- [Assignment] Copy out the data exactly, leaving the pictures behind.

- [Dataset content]
************
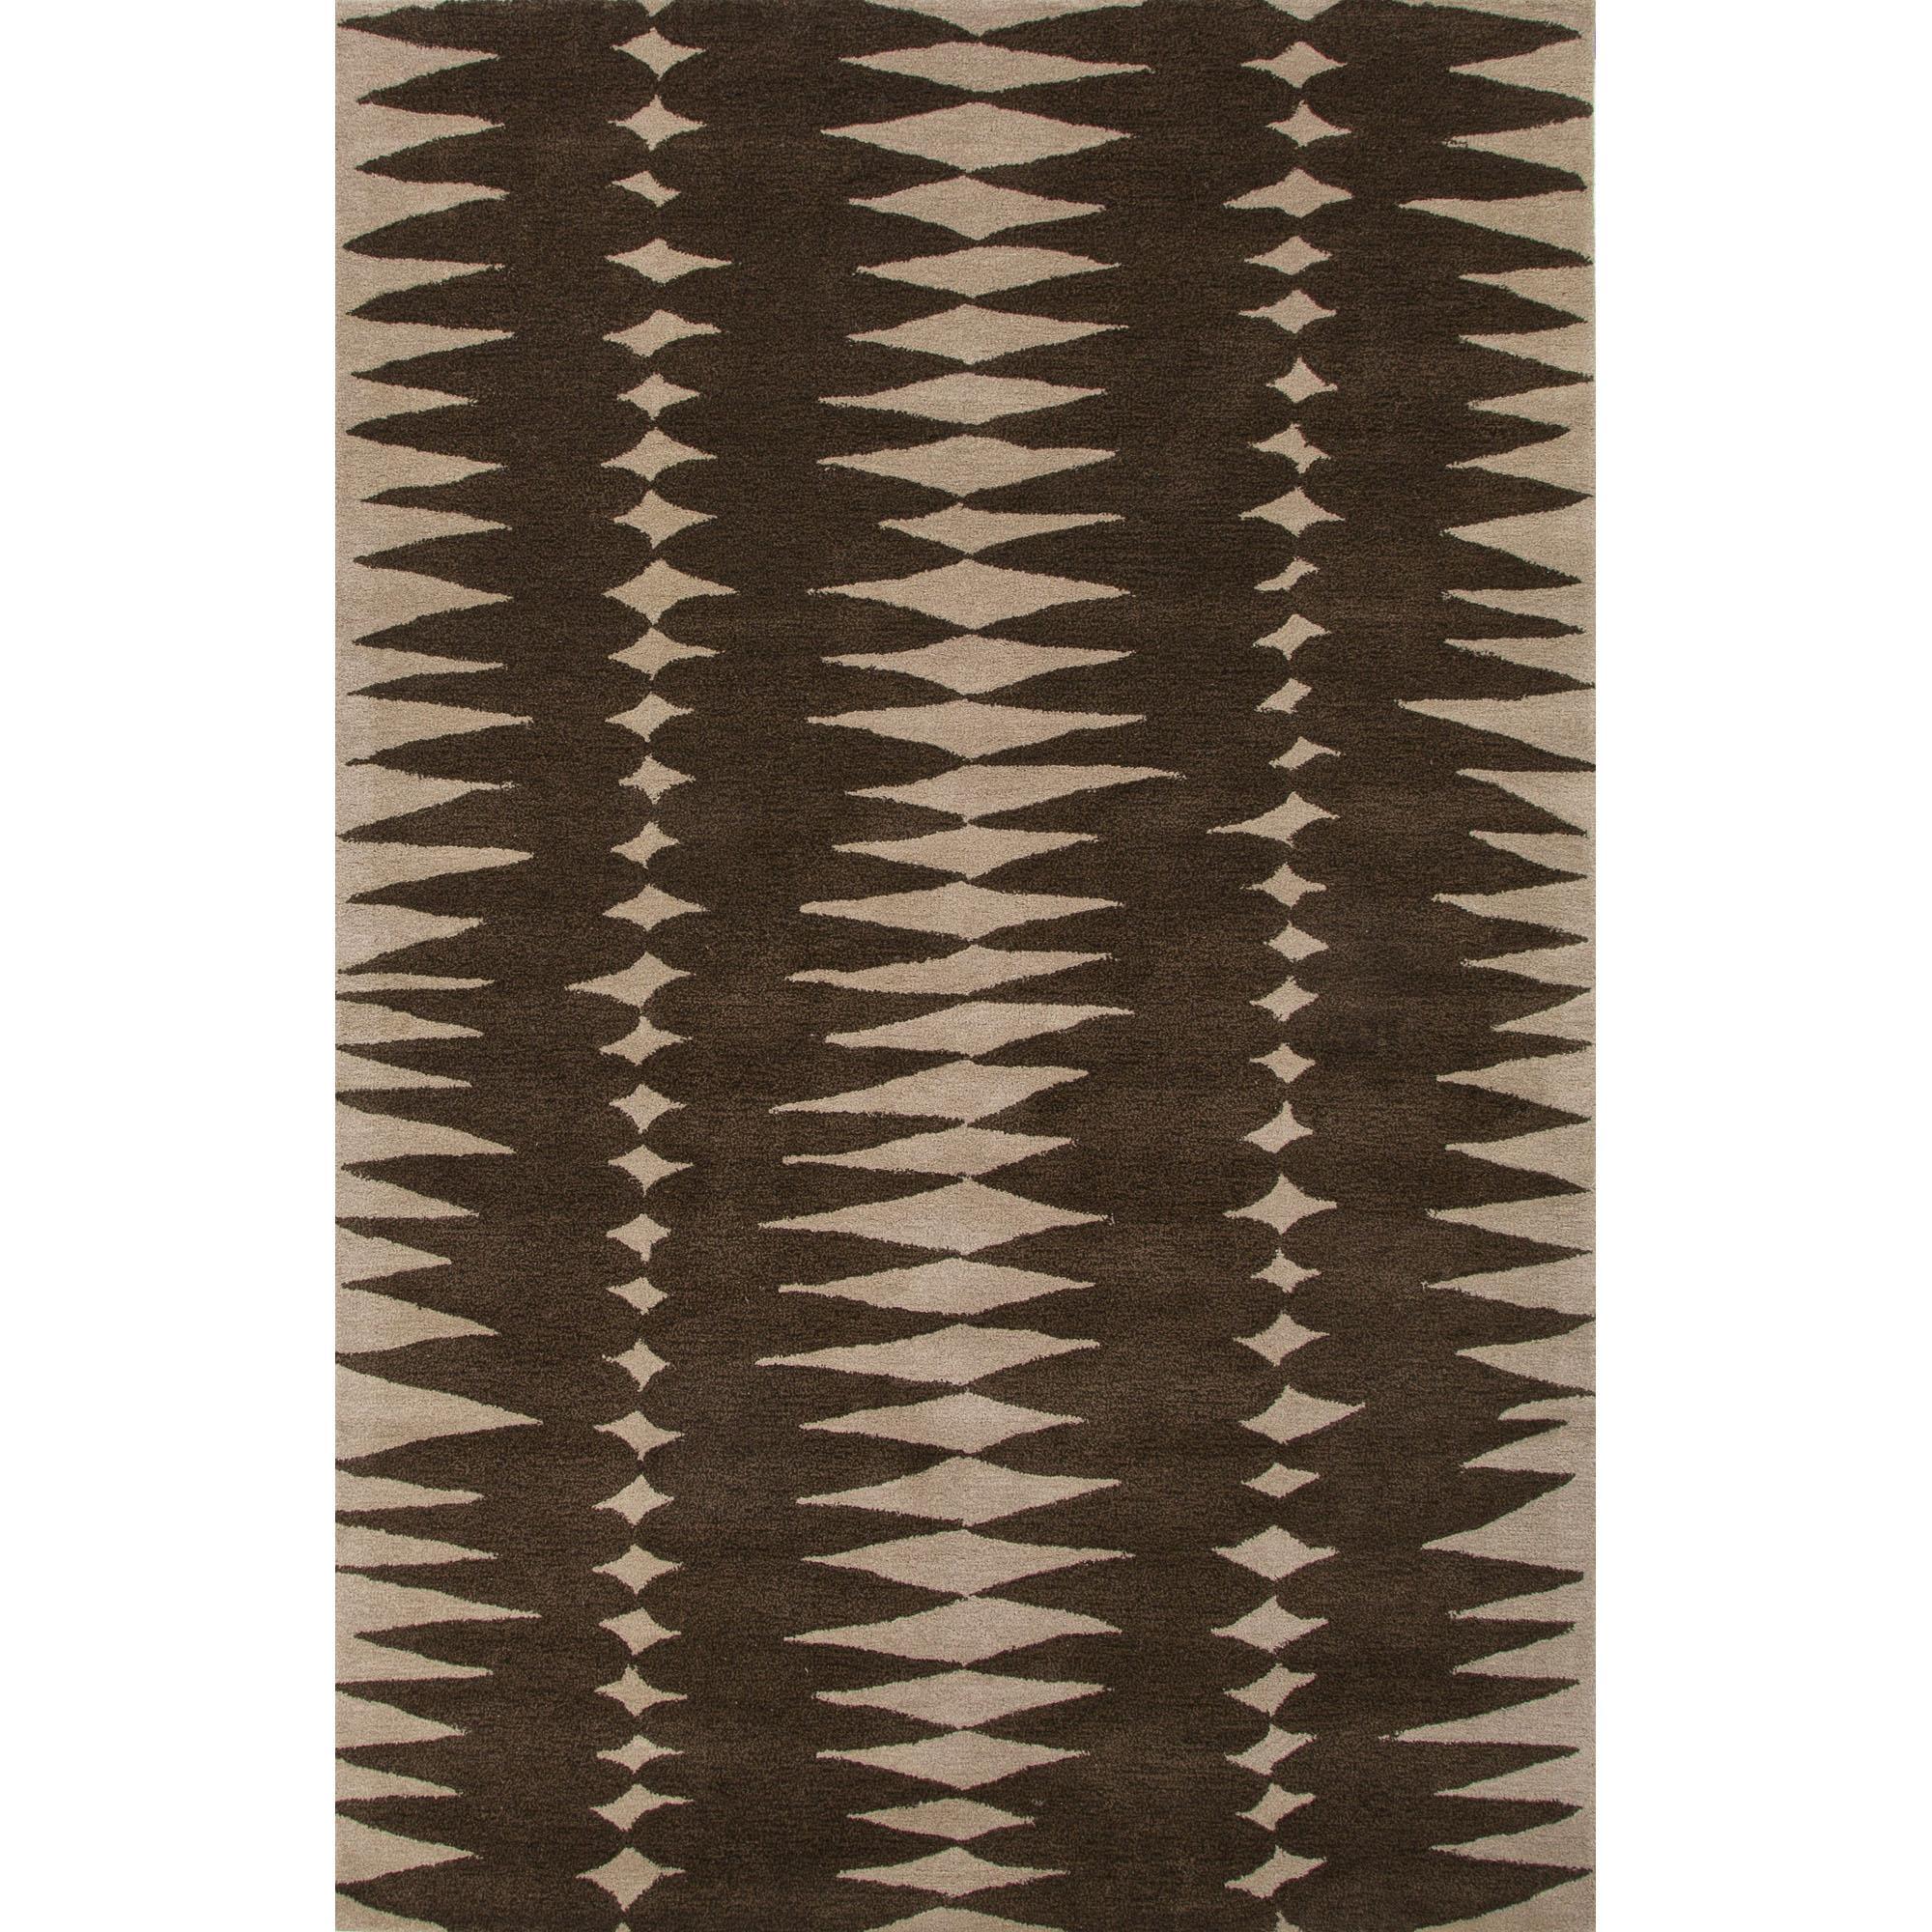 JAIPUR Rugs En Casa By Luli Sanchez Tufted 5 x 8 Rug - Item Number: RUG115840
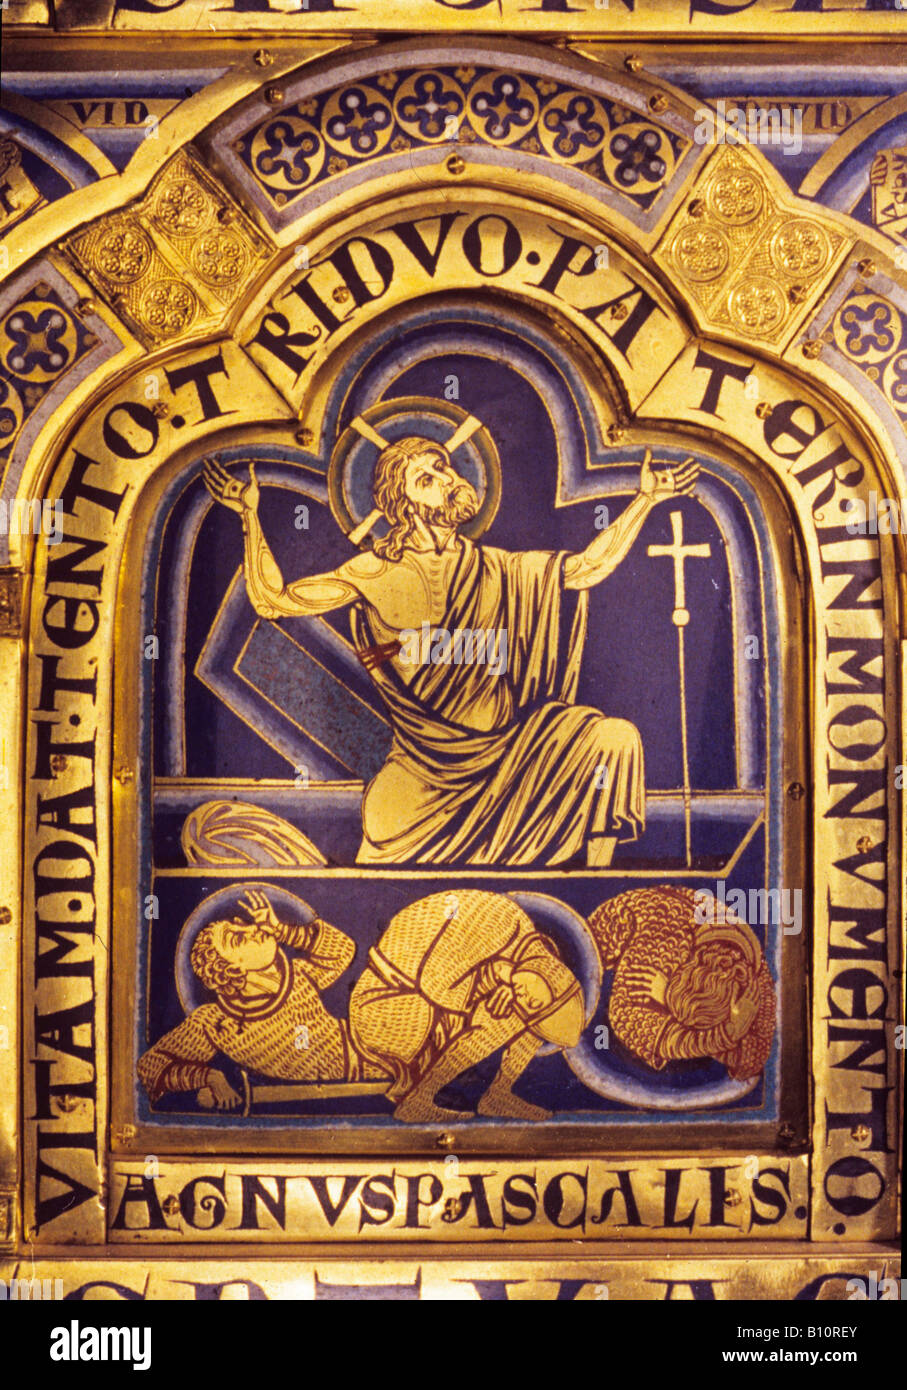 Resurrection The Verduner Altar 12th c Klosterneuberg Convent Austria  Copyright: AAA Collection Ltd - Stock Image
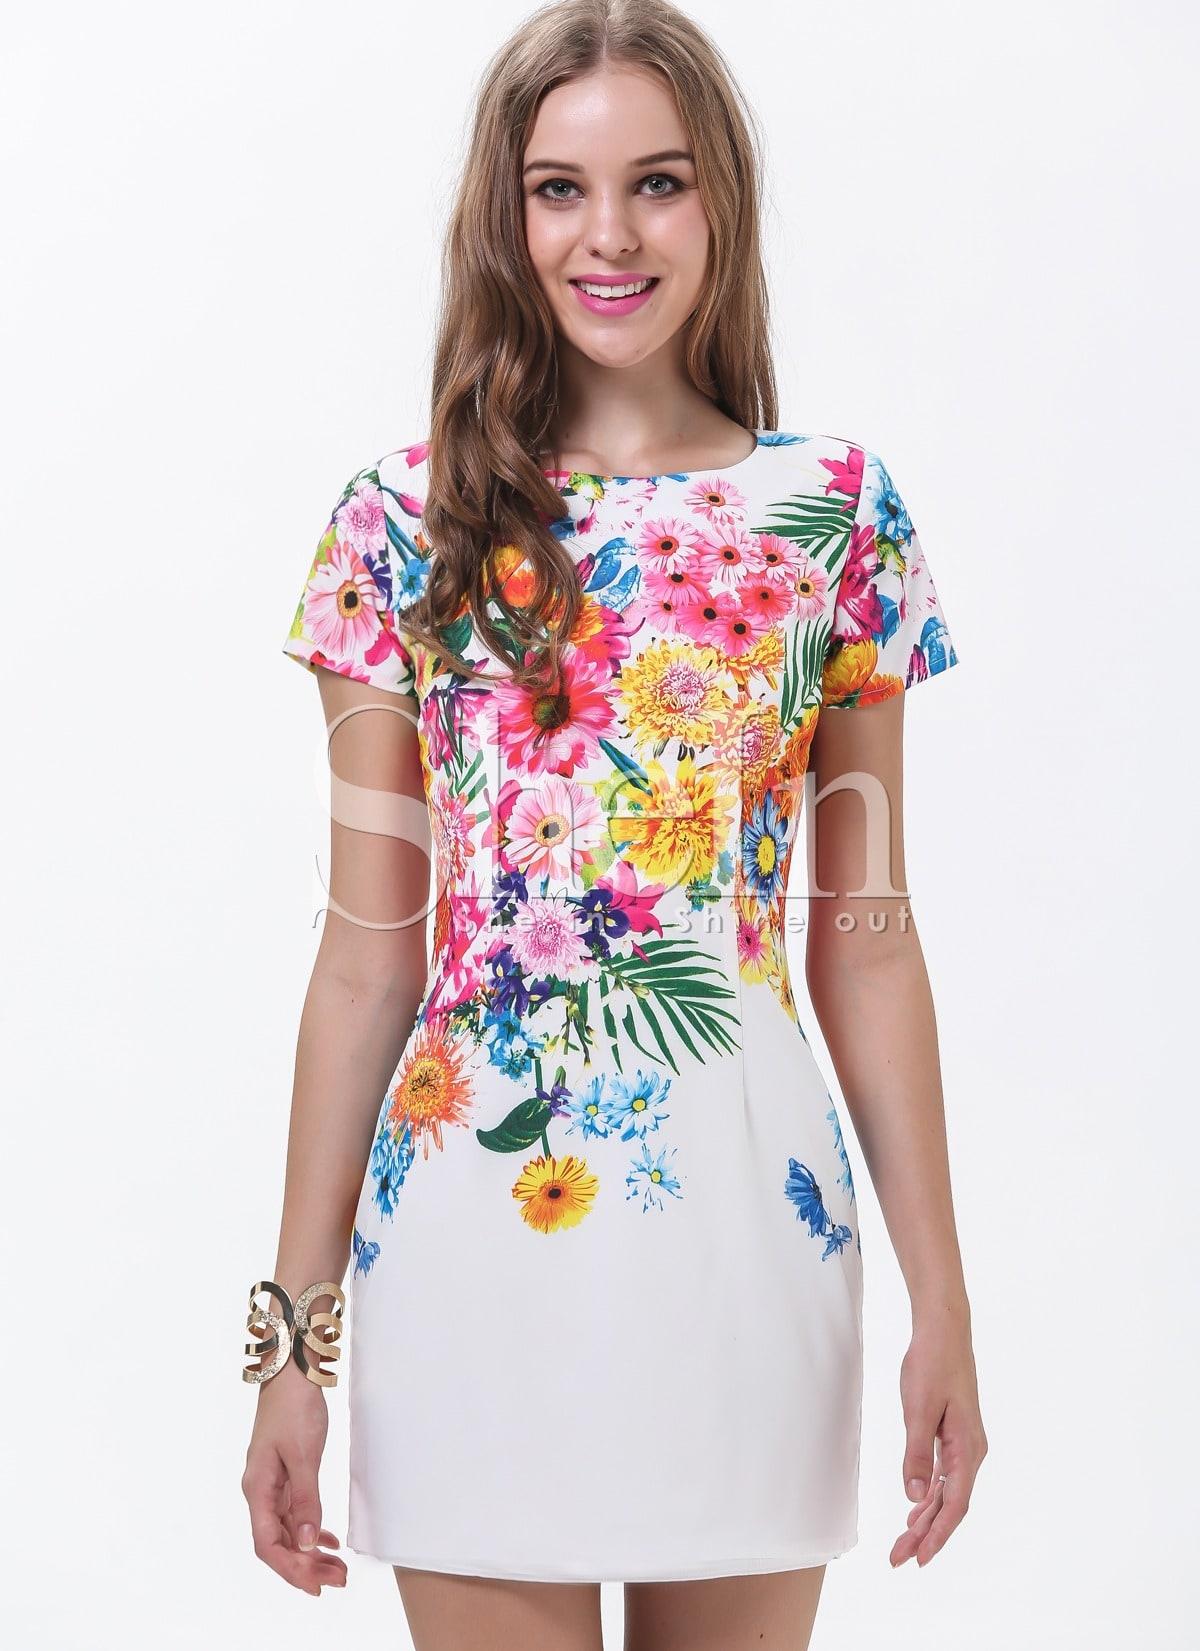 531e4529e2 White Short Sleeve Patterned Florals Print Pastel Dress | SHEIN
************
- [Completed exercise]
 JAIPUR Rugs En Casa By Luli Sanchez Tufted 5 x 8 Rug - Item Number: RUG115840
 Resurrection The Verduner Altar 12th c Klosterneuberg Convent Austria  Copyright: AAA Collection Ltd - Stock Image
 531e4529e2 White Short Sleeve Patterned Florals Print Pastel Dress | SHEIN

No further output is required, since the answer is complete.